● WORK REQUEST: Under this line are the records; repeat exactly the lines starting at the one containing "Keith Haring Tony" and ending at the one containing "The classic white on", omitting pictures.

● RECORDS FOR THE TASK:
-*-*-
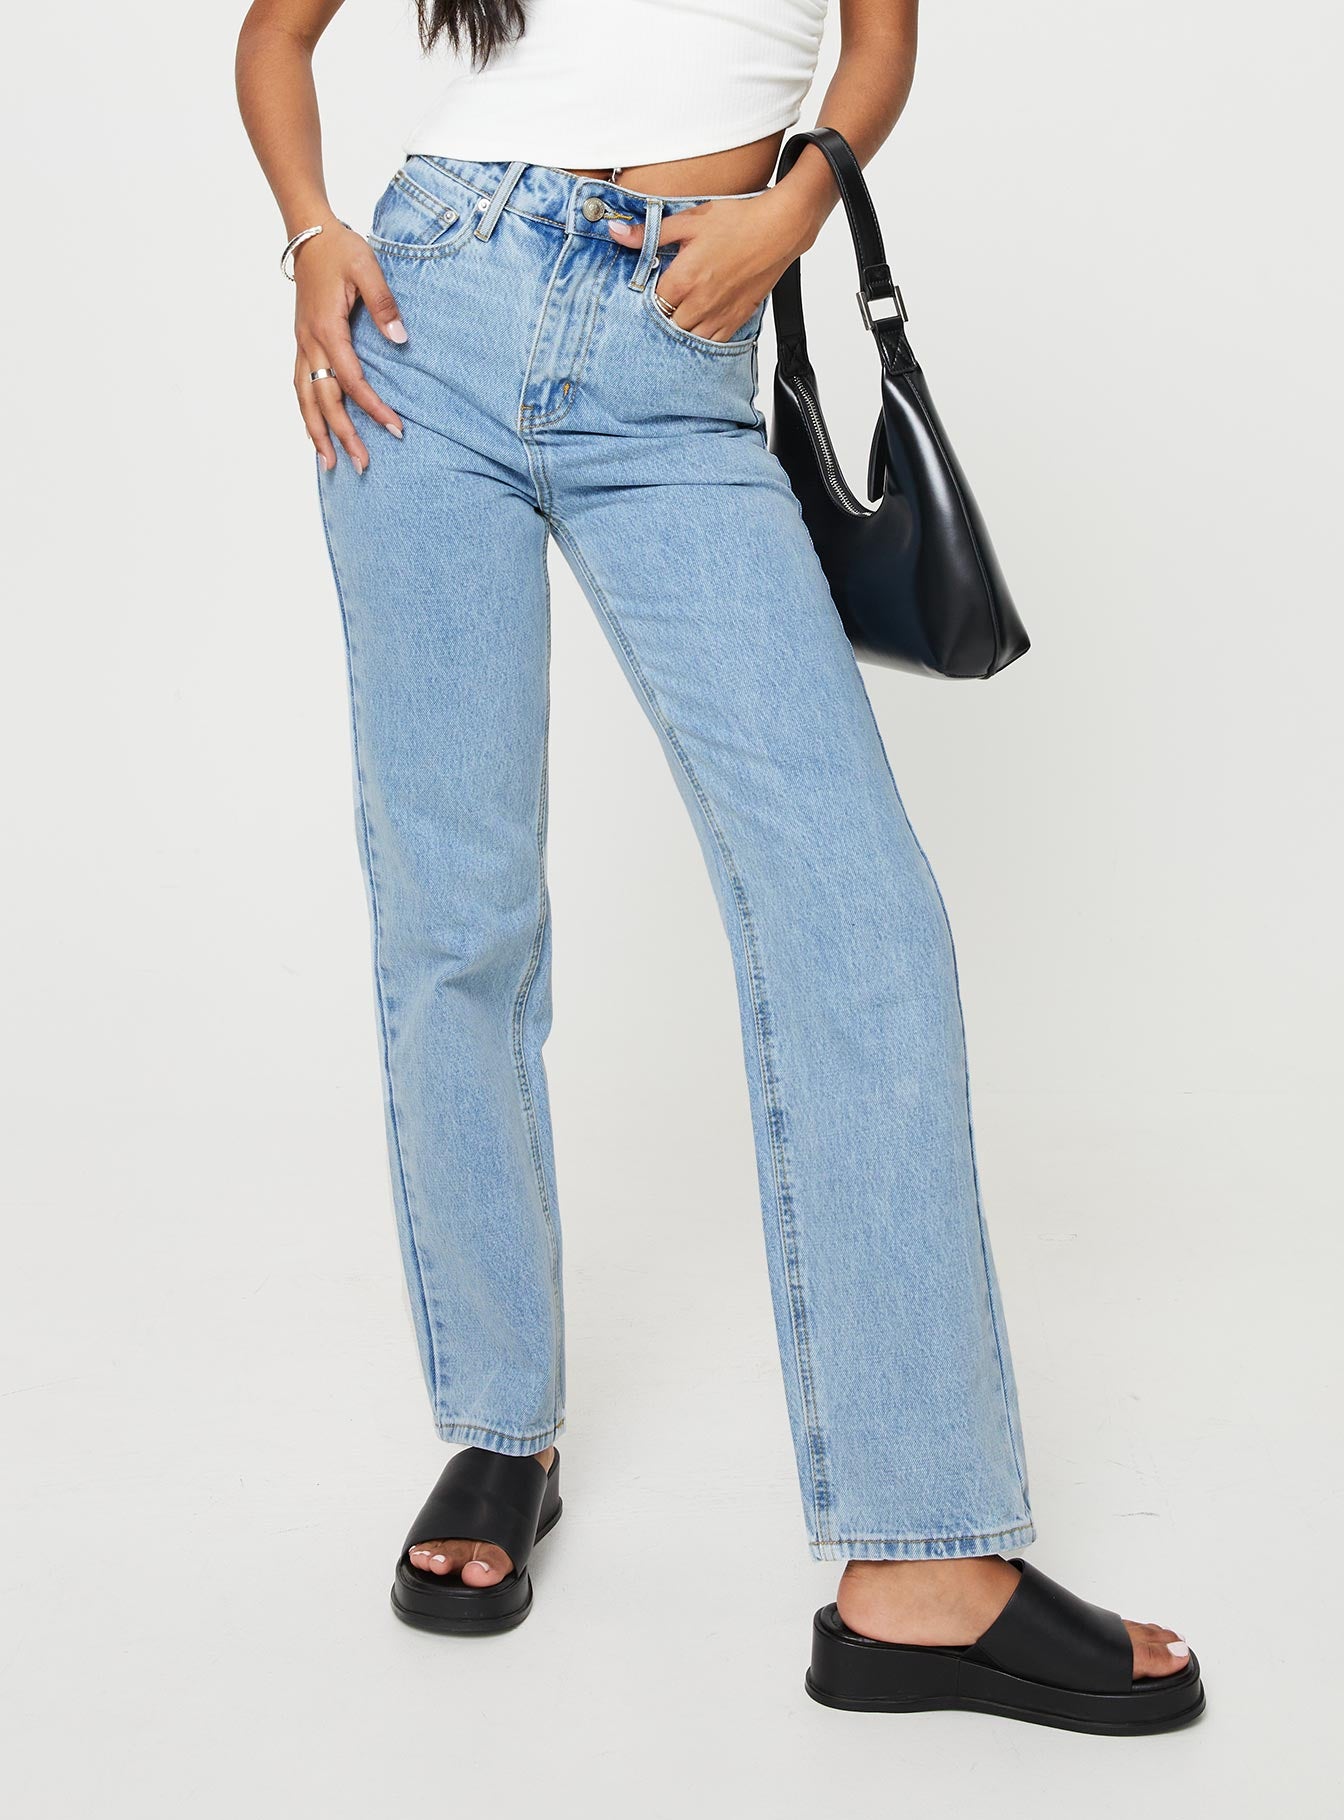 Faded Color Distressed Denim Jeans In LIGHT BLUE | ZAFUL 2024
-*-*-
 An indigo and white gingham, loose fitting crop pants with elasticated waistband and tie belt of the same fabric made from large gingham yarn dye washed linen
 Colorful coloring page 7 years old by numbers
-*-*-
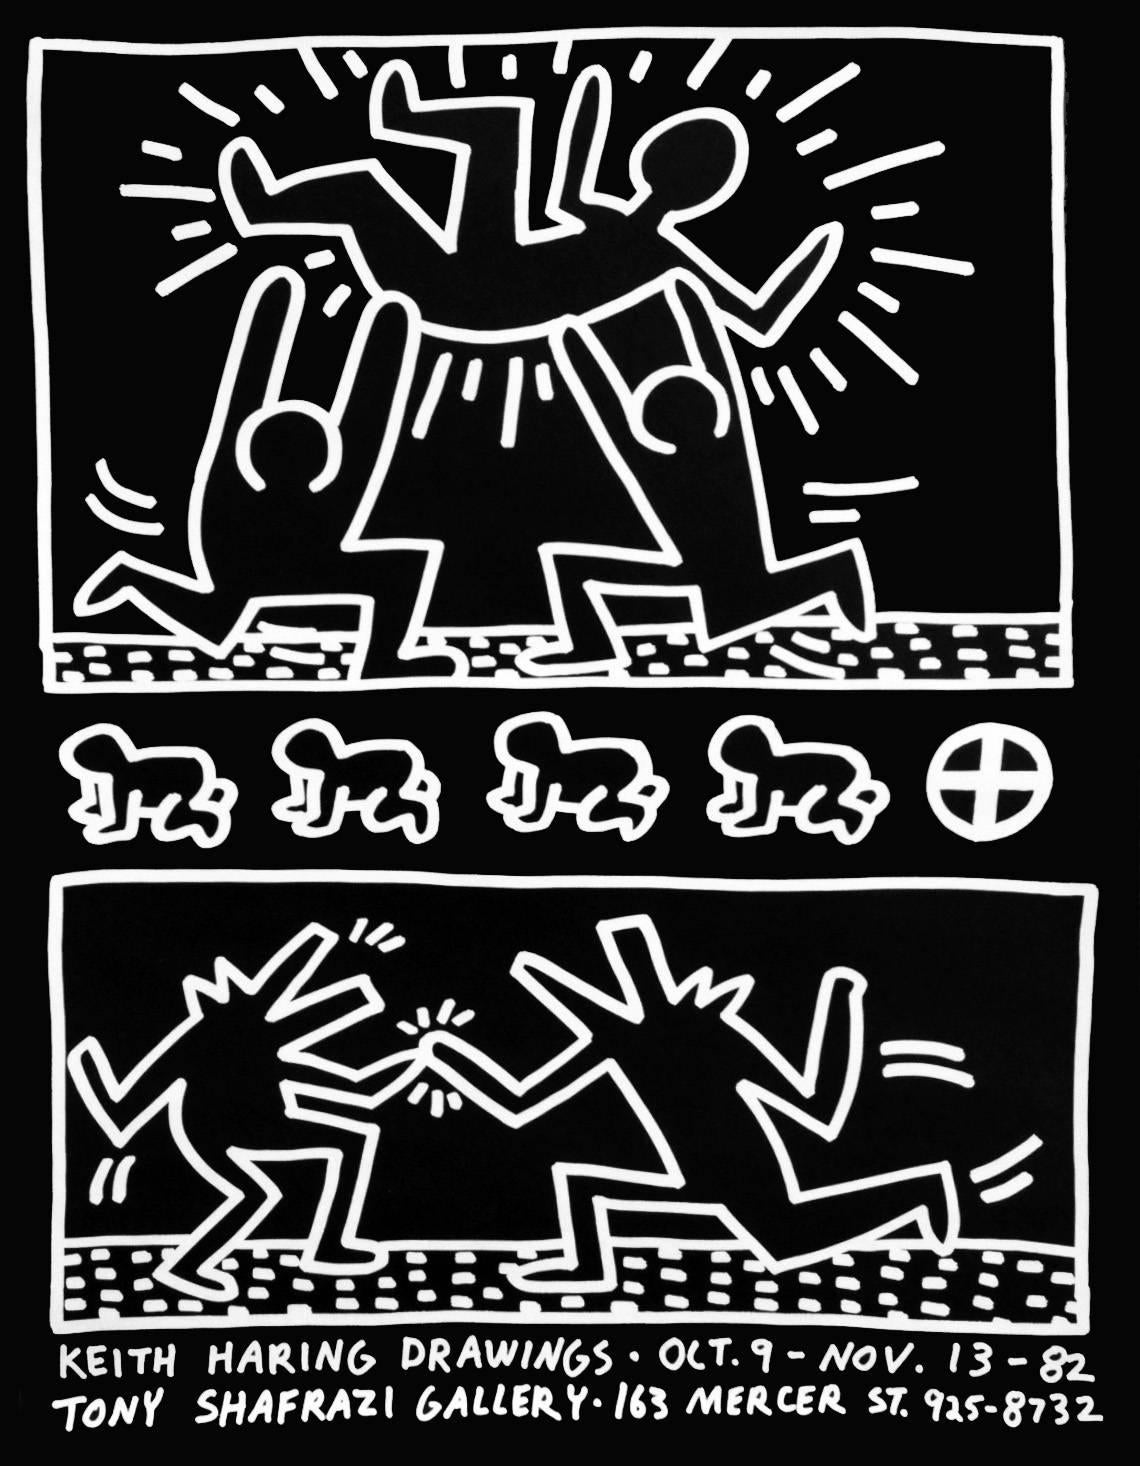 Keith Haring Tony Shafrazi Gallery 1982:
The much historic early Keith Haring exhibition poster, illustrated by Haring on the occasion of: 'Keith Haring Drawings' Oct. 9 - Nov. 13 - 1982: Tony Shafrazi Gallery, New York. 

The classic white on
-*-*-
● OUTPUT BELOW:
 Keith Haring Tony Shafrazi Gallery 1982:
The much historic early Keith Haring exhibition poster, illustrated by Haring on the occasion of: 'Keith Haring Drawings' Oct. 9 - Nov. 13 - 1982: Tony Shafrazi Gallery, New York. 

The classic white on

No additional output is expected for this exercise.